◆ **TASK DIRECTIONS**: From the records below, output exactly the lines starting at the line with "The Football Monologues quad poster" and ending at the line with "Where Is Romania", both of them included, but no pictures.

◆ **INFORMATION GIVEN**:
+-------+
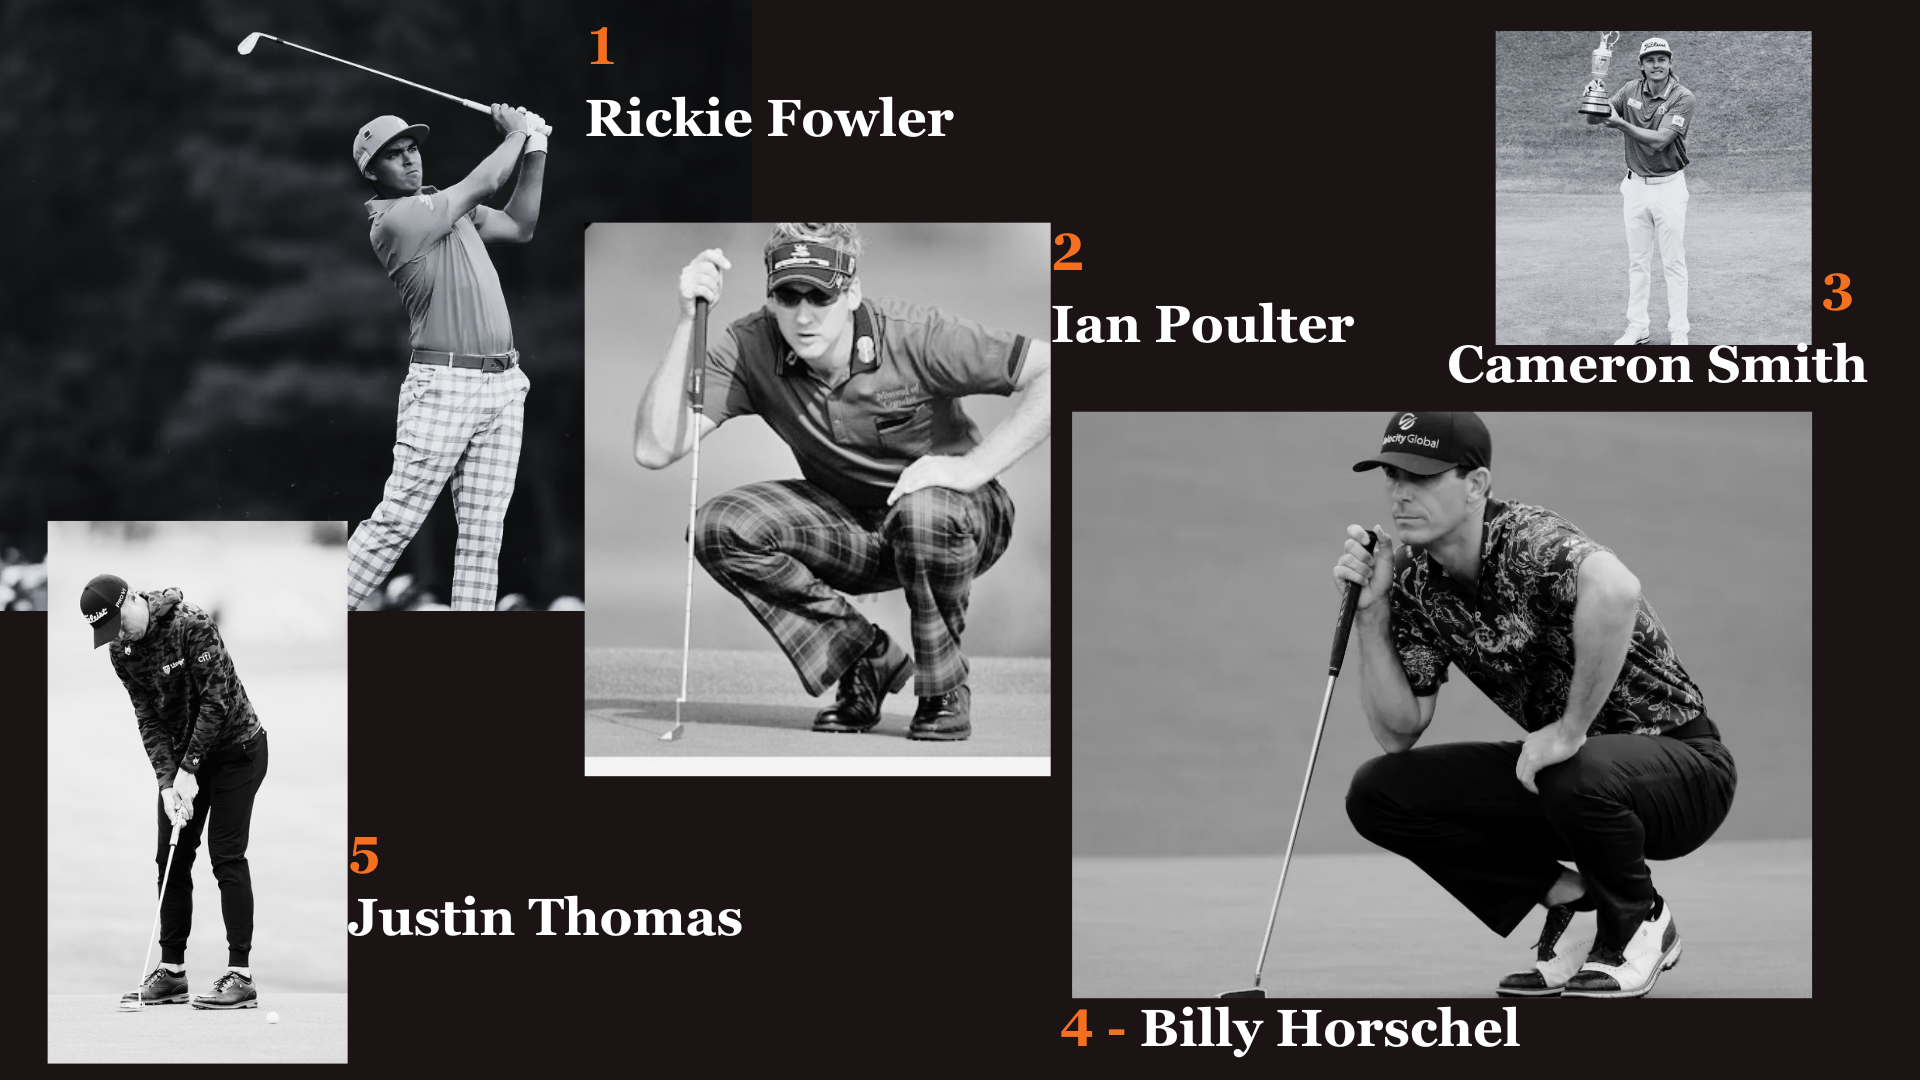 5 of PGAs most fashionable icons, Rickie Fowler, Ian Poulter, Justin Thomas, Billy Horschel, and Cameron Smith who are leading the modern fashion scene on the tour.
+-------+
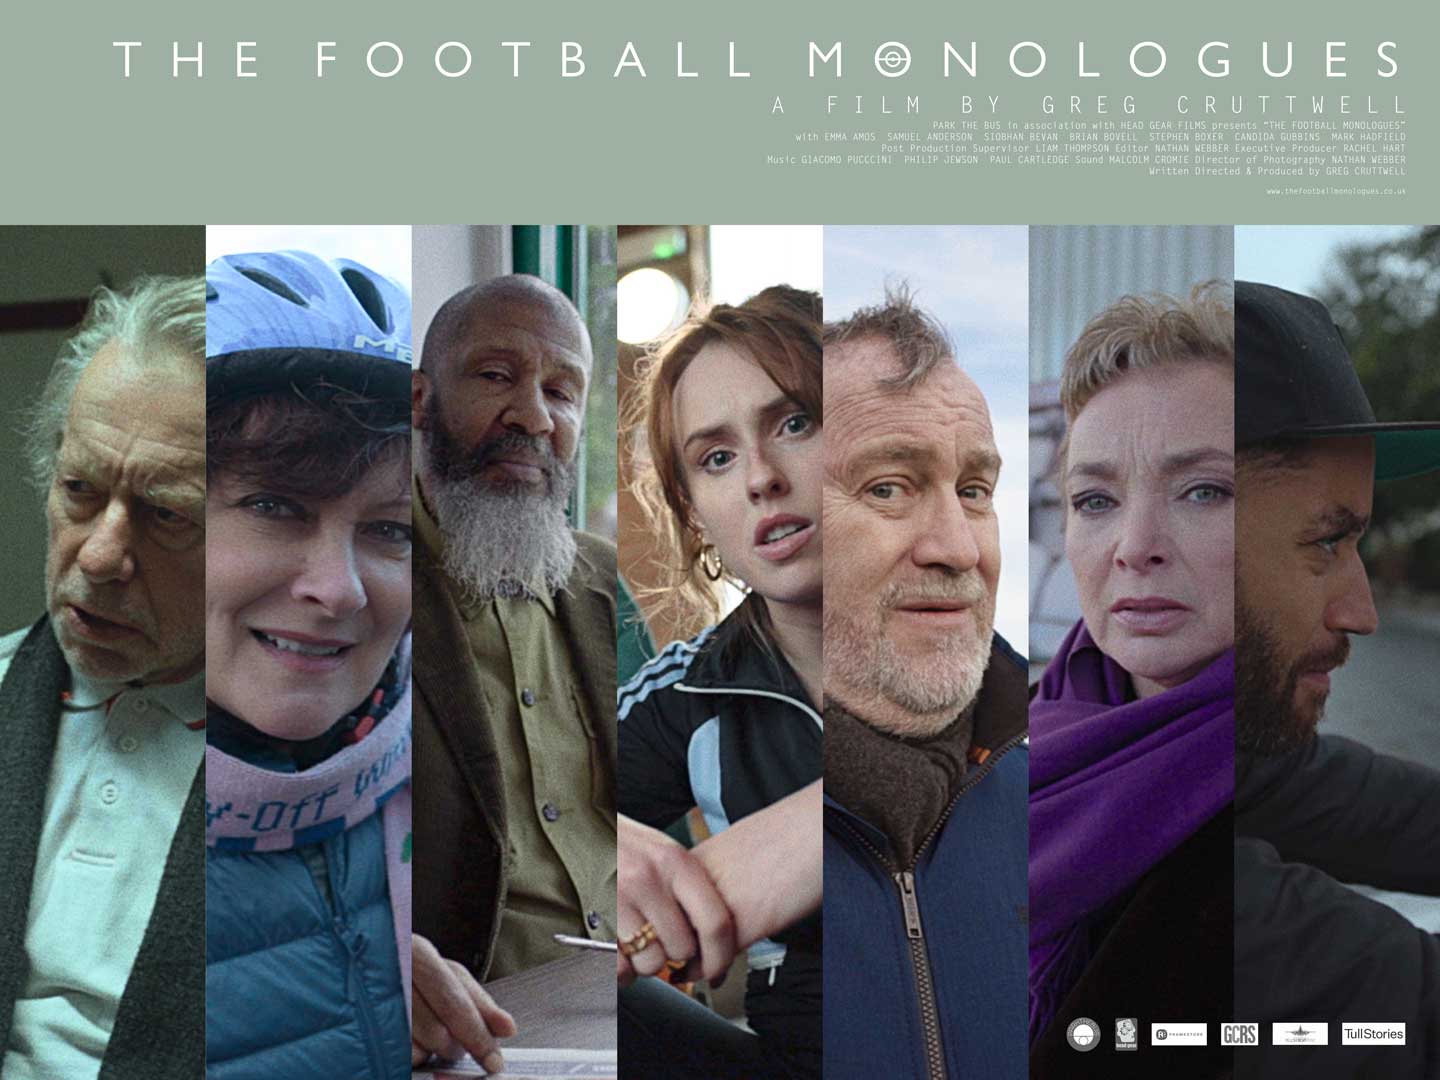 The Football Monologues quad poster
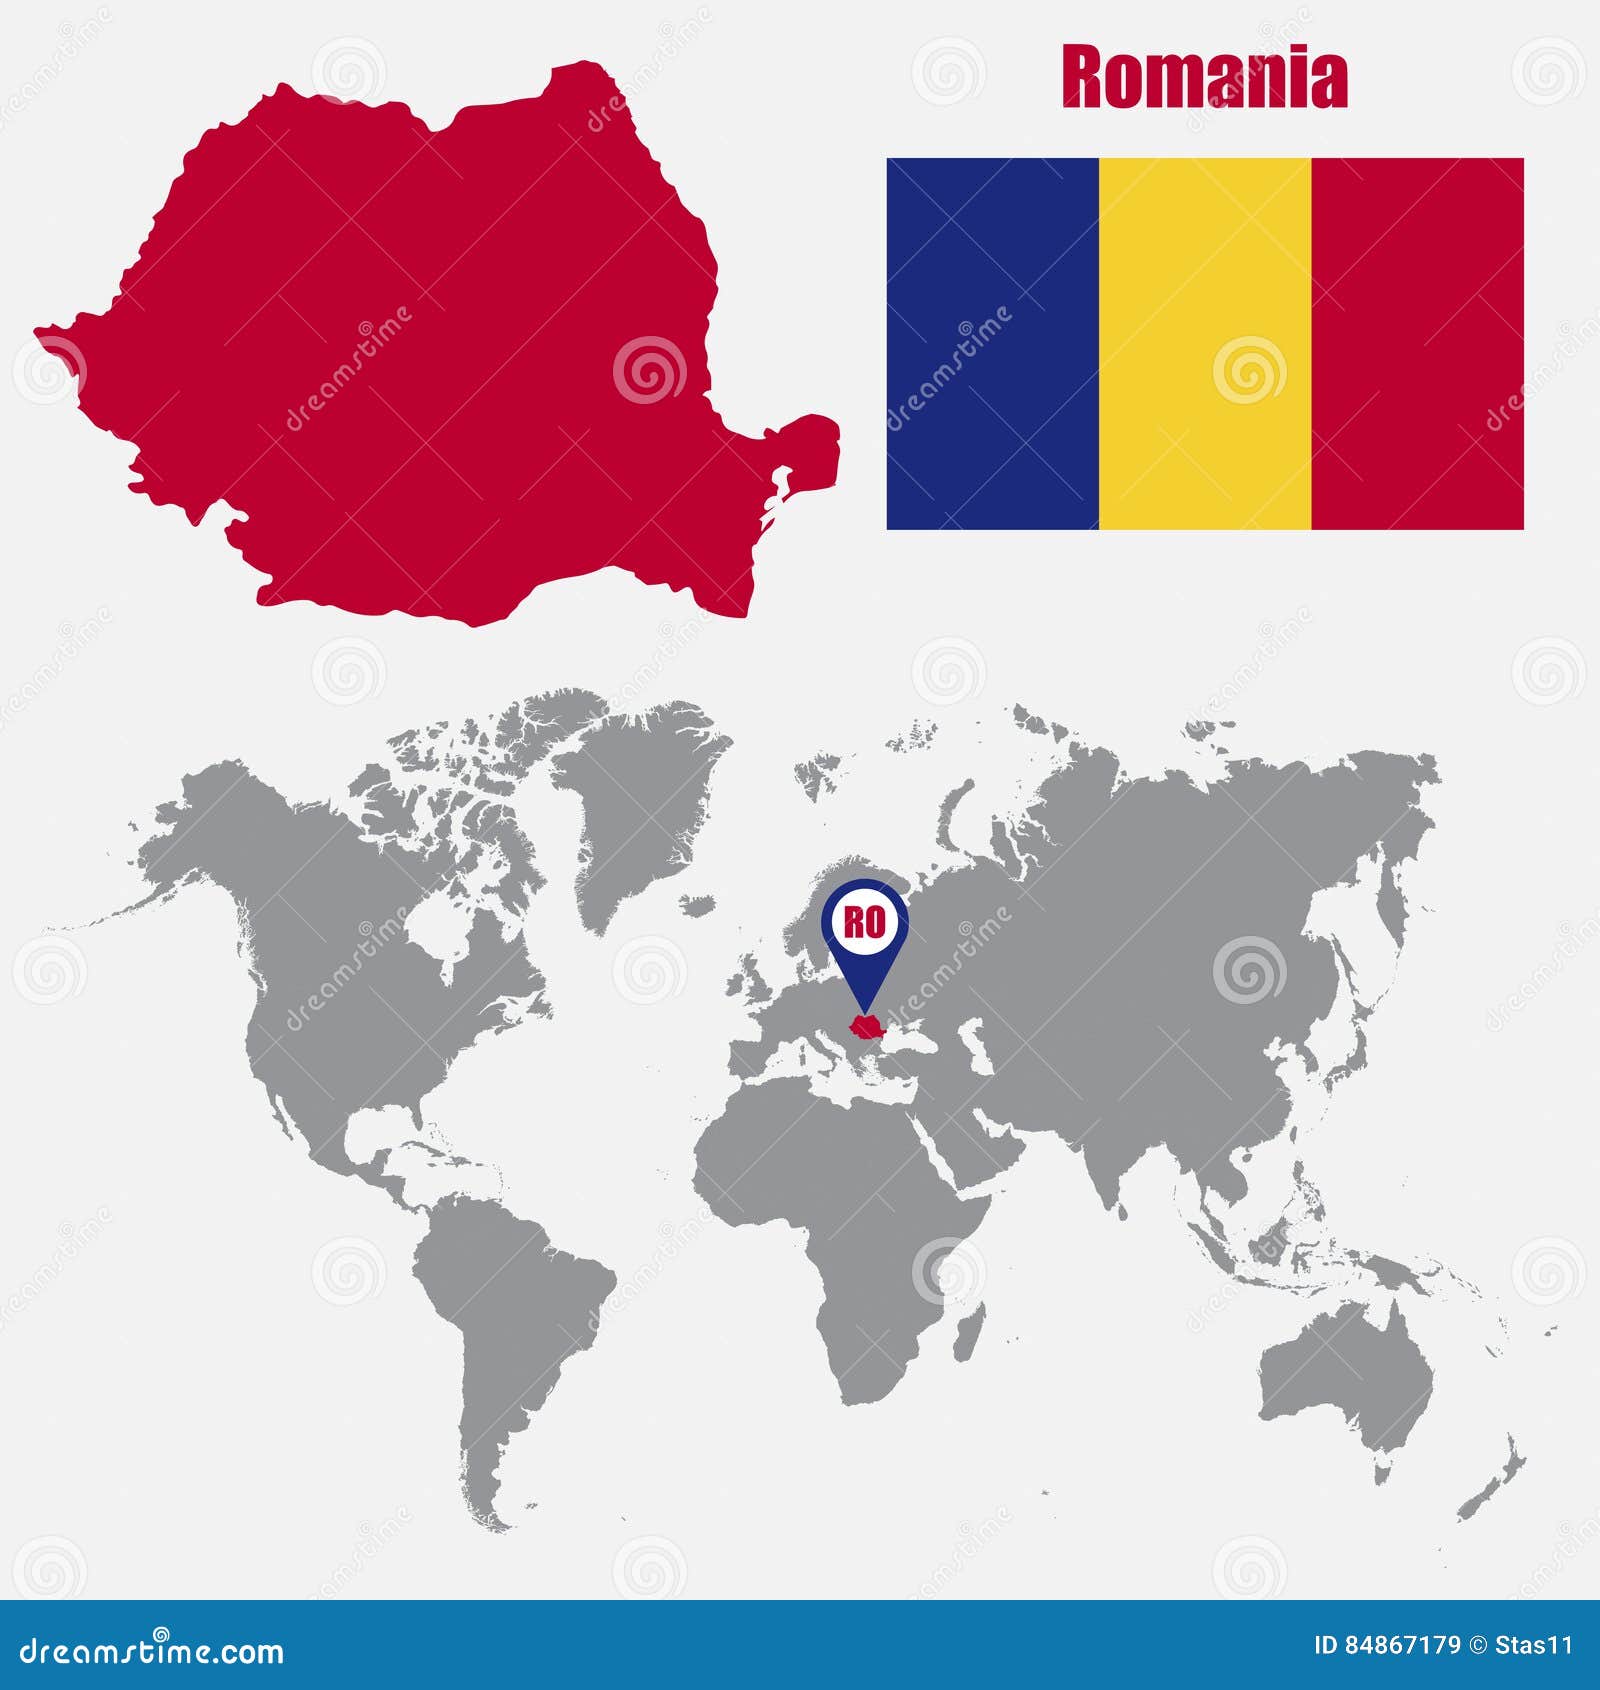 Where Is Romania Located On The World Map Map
+-------+
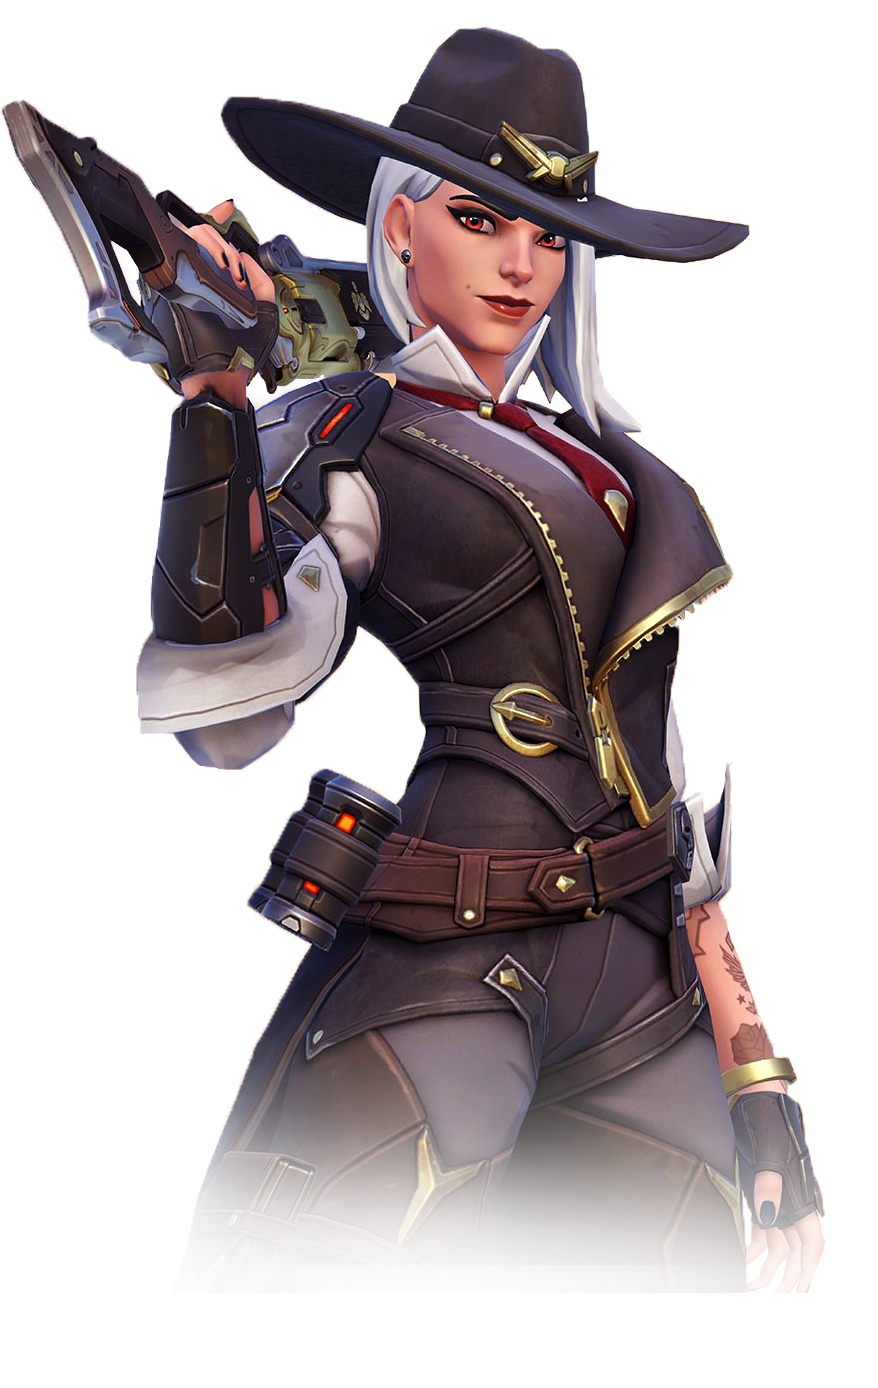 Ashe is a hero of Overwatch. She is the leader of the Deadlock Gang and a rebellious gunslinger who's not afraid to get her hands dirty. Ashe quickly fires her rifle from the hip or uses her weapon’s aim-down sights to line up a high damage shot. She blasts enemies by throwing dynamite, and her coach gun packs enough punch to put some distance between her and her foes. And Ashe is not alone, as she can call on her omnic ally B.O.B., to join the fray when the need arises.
+-------+
◆ **OUTPUT FOR THIS TASK**:
 The Football Monologues quad poster
 Where Is Romania Located On The World Map Map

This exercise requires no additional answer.